=== Section Start ===
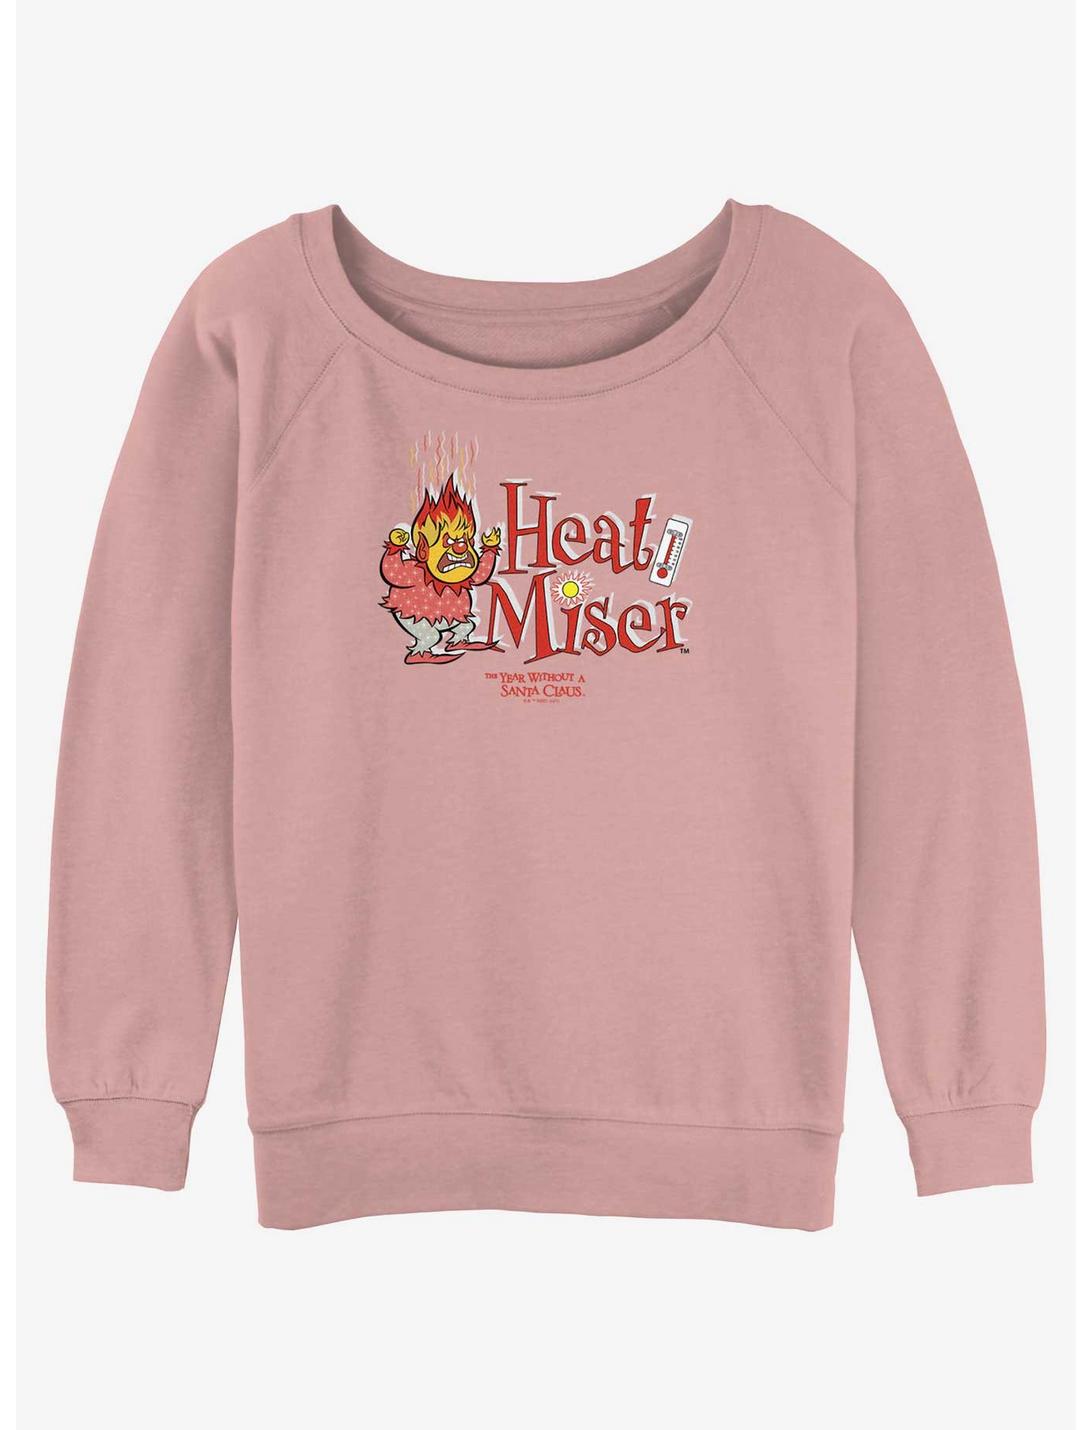 The Year Without a Santa Claus Heat Miser Badge Womens Slouchy Sweatshirt, DESERTPNK, hi-res
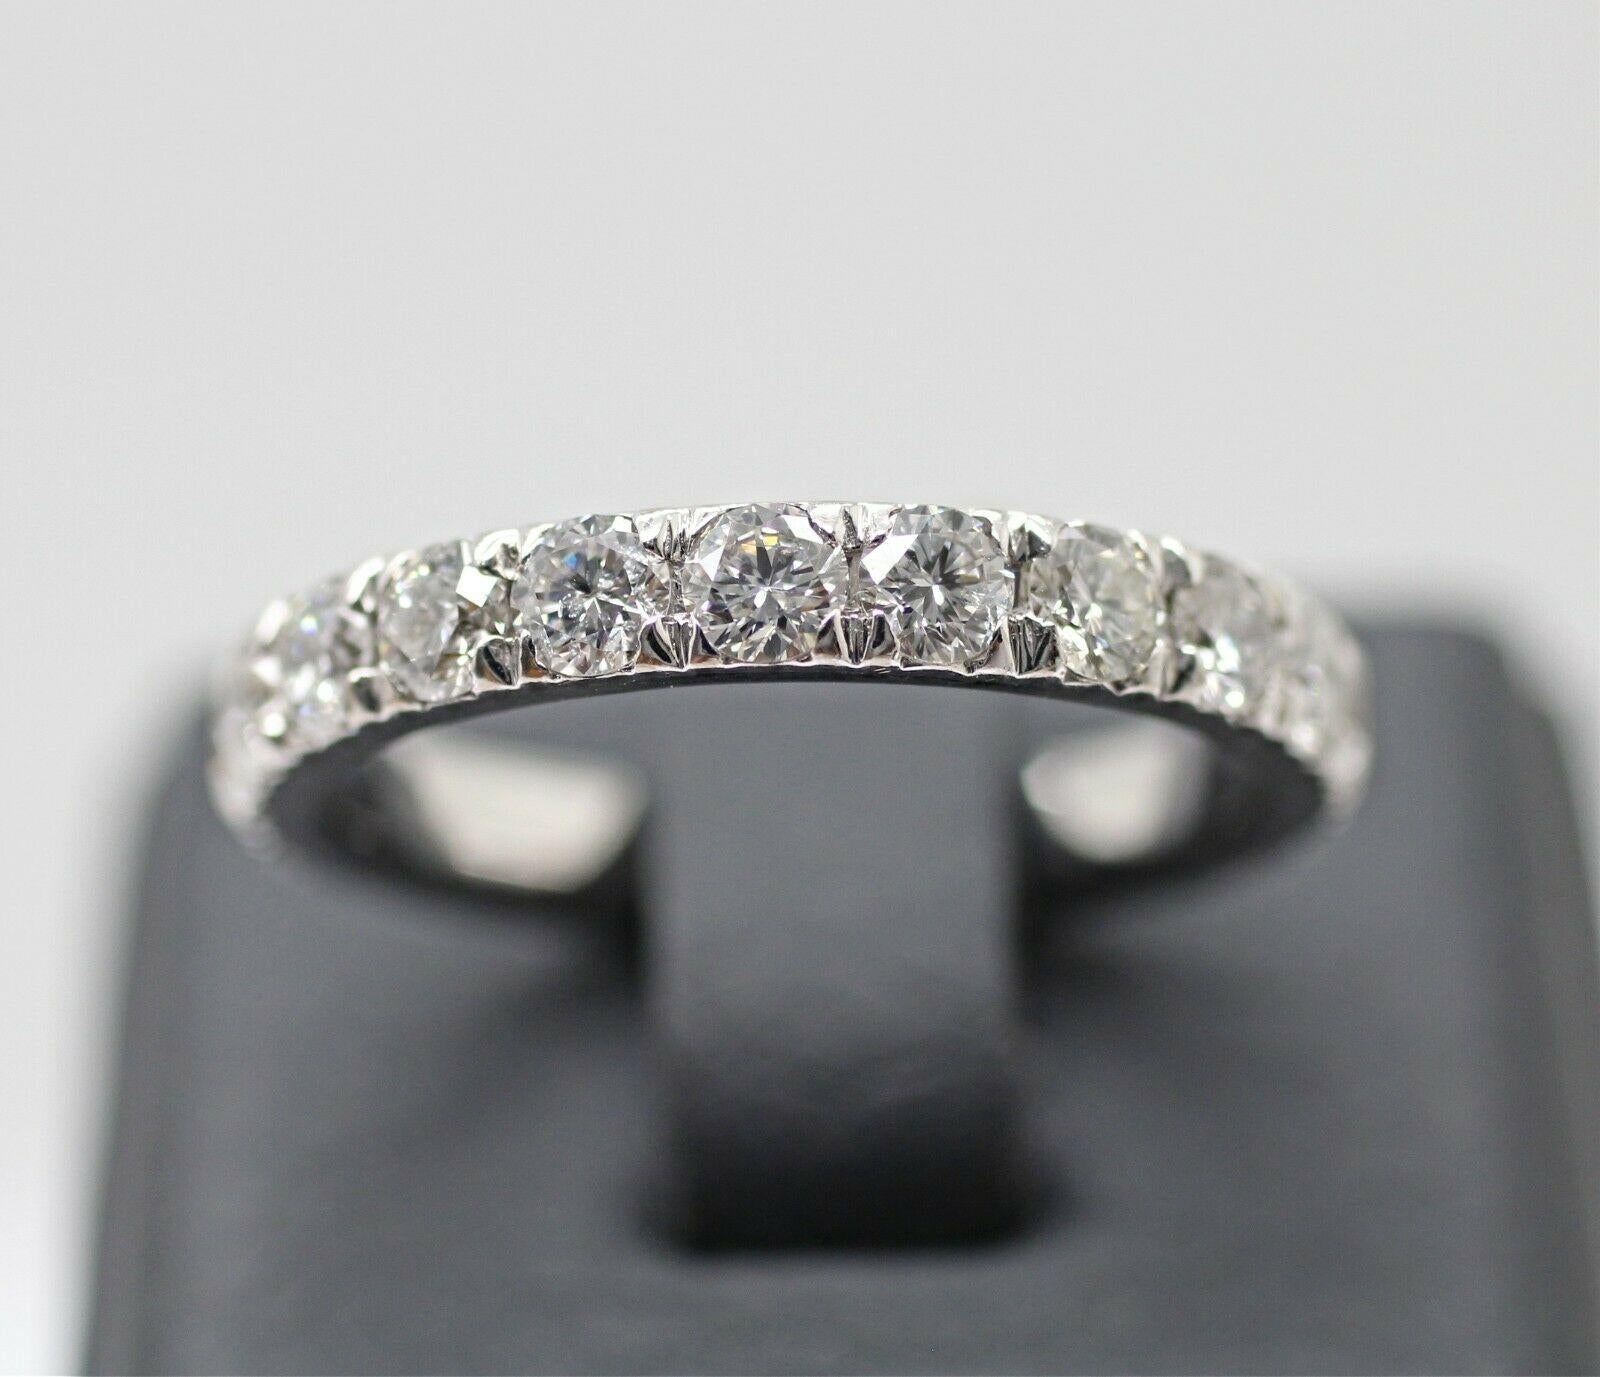  Corona 18k white gold diamond eternity ring 1.50cts. ring size is 6.25 containing,
Specifications:
    main stone: ROUND DIAMONDS
    diamonds: 17 PIECES
    carat total weight: APPROXIMATELY 1.50
    color: F
    clarity: SI2
    brand: CUSTOM
=== Section End ===
TASK DESCRIPTION:
Repeat word for word the lines from the one holding "Corona 18k white" through the last line of the listing above, including both ends. Drop the pictures.

ANSWER SECTION:
  Corona 18k white gold diamond eternity ring 1.50cts. ring size is 6.25 containing,
Specifications:
    main stone: ROUND DIAMONDS
    diamonds: 17 PIECES
    carat total weight: APPROXIMATELY 1.50
    color: F
    clarity: SI2
    brand: CUSTOM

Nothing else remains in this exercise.